**Problem description:**
Working from the records beneath this line, reproduce each one exactly.

**Exercise data:**
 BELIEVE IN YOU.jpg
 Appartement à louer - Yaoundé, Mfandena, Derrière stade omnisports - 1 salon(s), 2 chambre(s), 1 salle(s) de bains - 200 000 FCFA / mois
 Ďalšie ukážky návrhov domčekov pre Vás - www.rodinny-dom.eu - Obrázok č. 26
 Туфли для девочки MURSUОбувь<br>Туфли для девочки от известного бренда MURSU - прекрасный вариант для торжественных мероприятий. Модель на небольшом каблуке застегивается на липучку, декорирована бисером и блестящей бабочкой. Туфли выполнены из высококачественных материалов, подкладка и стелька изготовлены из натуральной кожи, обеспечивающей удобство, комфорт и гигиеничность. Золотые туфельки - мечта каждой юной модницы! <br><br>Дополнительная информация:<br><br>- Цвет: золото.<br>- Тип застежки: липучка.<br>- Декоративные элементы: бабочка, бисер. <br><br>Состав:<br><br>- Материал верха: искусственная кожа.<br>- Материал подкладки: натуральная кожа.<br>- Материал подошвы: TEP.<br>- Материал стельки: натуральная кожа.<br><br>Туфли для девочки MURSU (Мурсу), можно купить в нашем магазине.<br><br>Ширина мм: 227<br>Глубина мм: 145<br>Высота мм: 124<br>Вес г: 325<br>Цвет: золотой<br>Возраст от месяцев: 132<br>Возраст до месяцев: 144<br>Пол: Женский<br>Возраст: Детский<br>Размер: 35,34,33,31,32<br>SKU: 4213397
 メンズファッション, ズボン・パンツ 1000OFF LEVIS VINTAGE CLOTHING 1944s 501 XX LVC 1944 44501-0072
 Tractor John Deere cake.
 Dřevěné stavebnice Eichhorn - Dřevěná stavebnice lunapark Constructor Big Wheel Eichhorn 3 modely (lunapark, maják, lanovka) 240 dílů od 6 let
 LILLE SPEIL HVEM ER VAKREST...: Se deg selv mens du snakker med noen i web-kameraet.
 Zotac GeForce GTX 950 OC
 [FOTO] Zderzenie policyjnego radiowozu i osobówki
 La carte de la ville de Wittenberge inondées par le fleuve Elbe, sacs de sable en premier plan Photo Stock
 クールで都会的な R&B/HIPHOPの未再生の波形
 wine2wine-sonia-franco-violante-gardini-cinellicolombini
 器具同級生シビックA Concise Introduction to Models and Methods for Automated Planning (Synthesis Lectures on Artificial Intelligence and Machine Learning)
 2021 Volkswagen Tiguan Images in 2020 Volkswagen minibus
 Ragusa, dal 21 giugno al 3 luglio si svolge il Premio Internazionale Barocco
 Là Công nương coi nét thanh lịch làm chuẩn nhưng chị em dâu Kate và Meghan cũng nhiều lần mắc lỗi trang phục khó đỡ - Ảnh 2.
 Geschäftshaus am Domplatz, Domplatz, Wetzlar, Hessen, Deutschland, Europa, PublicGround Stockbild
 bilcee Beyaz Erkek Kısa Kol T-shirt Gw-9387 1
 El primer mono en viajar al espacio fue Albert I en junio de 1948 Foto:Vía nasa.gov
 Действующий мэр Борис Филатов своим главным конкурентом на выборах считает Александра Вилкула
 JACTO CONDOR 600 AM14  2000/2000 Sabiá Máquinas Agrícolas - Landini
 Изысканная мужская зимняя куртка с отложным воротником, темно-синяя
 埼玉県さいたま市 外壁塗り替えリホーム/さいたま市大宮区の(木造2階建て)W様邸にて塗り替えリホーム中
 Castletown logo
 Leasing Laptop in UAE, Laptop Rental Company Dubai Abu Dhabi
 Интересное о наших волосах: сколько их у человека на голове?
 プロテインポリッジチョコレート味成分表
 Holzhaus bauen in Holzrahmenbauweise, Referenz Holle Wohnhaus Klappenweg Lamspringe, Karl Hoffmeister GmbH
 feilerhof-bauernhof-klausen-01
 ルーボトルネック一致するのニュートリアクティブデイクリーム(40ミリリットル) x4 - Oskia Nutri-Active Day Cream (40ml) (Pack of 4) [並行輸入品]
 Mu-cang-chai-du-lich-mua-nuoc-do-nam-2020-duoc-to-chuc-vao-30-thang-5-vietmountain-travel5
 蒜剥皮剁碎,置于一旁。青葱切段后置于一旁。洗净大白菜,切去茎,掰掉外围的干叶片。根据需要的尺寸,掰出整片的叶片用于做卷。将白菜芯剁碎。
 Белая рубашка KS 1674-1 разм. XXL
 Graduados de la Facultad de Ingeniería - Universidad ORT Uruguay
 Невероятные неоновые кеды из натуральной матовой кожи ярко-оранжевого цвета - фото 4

**Solved problem:**
 BELIEVE IN YOU.jpg
 Appartement à louer - Yaoundé, Mfandena, Derrière stade omnisports - 1 salon(s), 2 chambre(s), 1 salle(s) de bains - 200 000 FCFA / mois
 Ďalšie ukážky návrhov domčekov pre Vás - www.rodinny-dom.eu - Obrázok č. 26
 Туфли для девочки MURSUОбувь<br>Туфли для девочки от известного бренда MURSU - прекрасный вариант для торжественных мероприятий. Модель на небольшом каблуке застегивается на липучку, декорирована бисером и блестящей бабочкой. Туфли выполнены из высококачественных материалов, подкладка и стелька изготовлены из натуральной кожи, обеспечивающей удобство, комфорт и гигиеничность. Золотые туфельки - мечта каждой юной модницы! <br><br>Дополнительная информация:<br><br>- Цвет: золото.<br>- Тип застежки: липучка.<br>- Декоративные элементы: бабочка, бисер. <br><br>Состав:<br><br>- Материал верха: искусственная кожа.<br>- Материал подкладки: натуральная кожа.<br>- Материал подошвы: TEP.<br>- Материал стельки: натуральная кожа.<br><br>Туфли для девочки MURSU (Мурсу), можно купить в нашем магазине.<br><br>Ширина мм: 227<br>Глубина мм: 145<br>Высота мм: 124<br>Вес г: 325<br>Цвет: золотой<br>Возраст от месяцев: 132<br>Возраст до месяцев: 144<br>Пол: Женский<br>Возраст: Детский<br>Размер: 35,34,33,31,32<br>SKU: 4213397
 メンズファッション, ズボン・パンツ 1000OFF LEVIS VINTAGE CLOTHING 1944s 501 XX LVC 1944 44501-0072
 Tractor John Deere cake.
 Dřevěné stavebnice Eichhorn - Dřevěná stavebnice lunapark Constructor Big Wheel Eichhorn 3 modely (lunapark, maják, lanovka) 240 dílů od 6 let
 LILLE SPEIL HVEM ER VAKREST...: Se deg selv mens du snakker med noen i web-kameraet.
 Zotac GeForce GTX 950 OC
 [FOTO] Zderzenie policyjnego radiowozu i osobówki
 La carte de la ville de Wittenberge inondées par le fleuve Elbe, sacs de sable en premier plan Photo Stock
 クールで都会的な R&B/HIPHOPの未再生の波形
 wine2wine-sonia-franco-violante-gardini-cinellicolombini
 器具同級生シビックA Concise Introduction to Models and Methods for Automated Planning (Synthesis Lectures on Artificial Intelligence and Machine Learning)
 2021 Volkswagen Tiguan Images in 2020 Volkswagen minibus
 Ragusa, dal 21 giugno al 3 luglio si svolge il Premio Internazionale Barocco
 Là Công nương coi nét thanh lịch làm chuẩn nhưng chị em dâu Kate và Meghan cũng nhiều lần mắc lỗi trang phục khó đỡ - Ảnh 2.
 Geschäftshaus am Domplatz, Domplatz, Wetzlar, Hessen, Deutschland, Europa, PublicGround Stockbild
 bilcee Beyaz Erkek Kısa Kol T-shirt Gw-9387 1
 El primer mono en viajar al espacio fue Albert I en junio de 1948 Foto:Vía nasa.gov
 Действующий мэр Борис Филатов своим главным конкурентом на выборах считает Александра Вилкула
 JACTO CONDOR 600 AM14  2000/2000 Sabiá Máquinas Agrícolas - Landini
 Изысканная мужская зимняя куртка с отложным воротником, темно-синяя
 埼玉県さいたま市 外壁塗り替えリホーム/さいたま市大宮区の(木造2階建て)W様邸にて塗り替えリホーム中
 Castletown logo
 Leasing Laptop in UAE, Laptop Rental Company Dubai Abu Dhabi
 Интересное о наших волосах: сколько их у человека на голове?
 プロテインポリッジチョコレート味成分表
 Holzhaus bauen in Holzrahmenbauweise, Referenz Holle Wohnhaus Klappenweg Lamspringe, Karl Hoffmeister GmbH
 feilerhof-bauernhof-klausen-01
 ルーボトルネック一致するのニュートリアクティブデイクリーム(40ミリリットル) x4 - Oskia Nutri-Active Day Cream (40ml) (Pack of 4) [並行輸入品]
 Mu-cang-chai-du-lich-mua-nuoc-do-nam-2020-duoc-to-chuc-vao-30-thang-5-vietmountain-travel5
 蒜剥皮剁碎,置于一旁。青葱切段后置于一旁。洗净大白菜,切去茎,掰掉外围的干叶片。根据需要的尺寸,掰出整片的叶片用于做卷。将白菜芯剁碎。
 Белая рубашка KS 1674-1 разм. XXL
 Graduados de la Facultad de Ingeniería - Universidad ORT Uruguay
 Невероятные неоновые кеды из натуральной матовой кожи ярко-оранжевого цвета - фото 4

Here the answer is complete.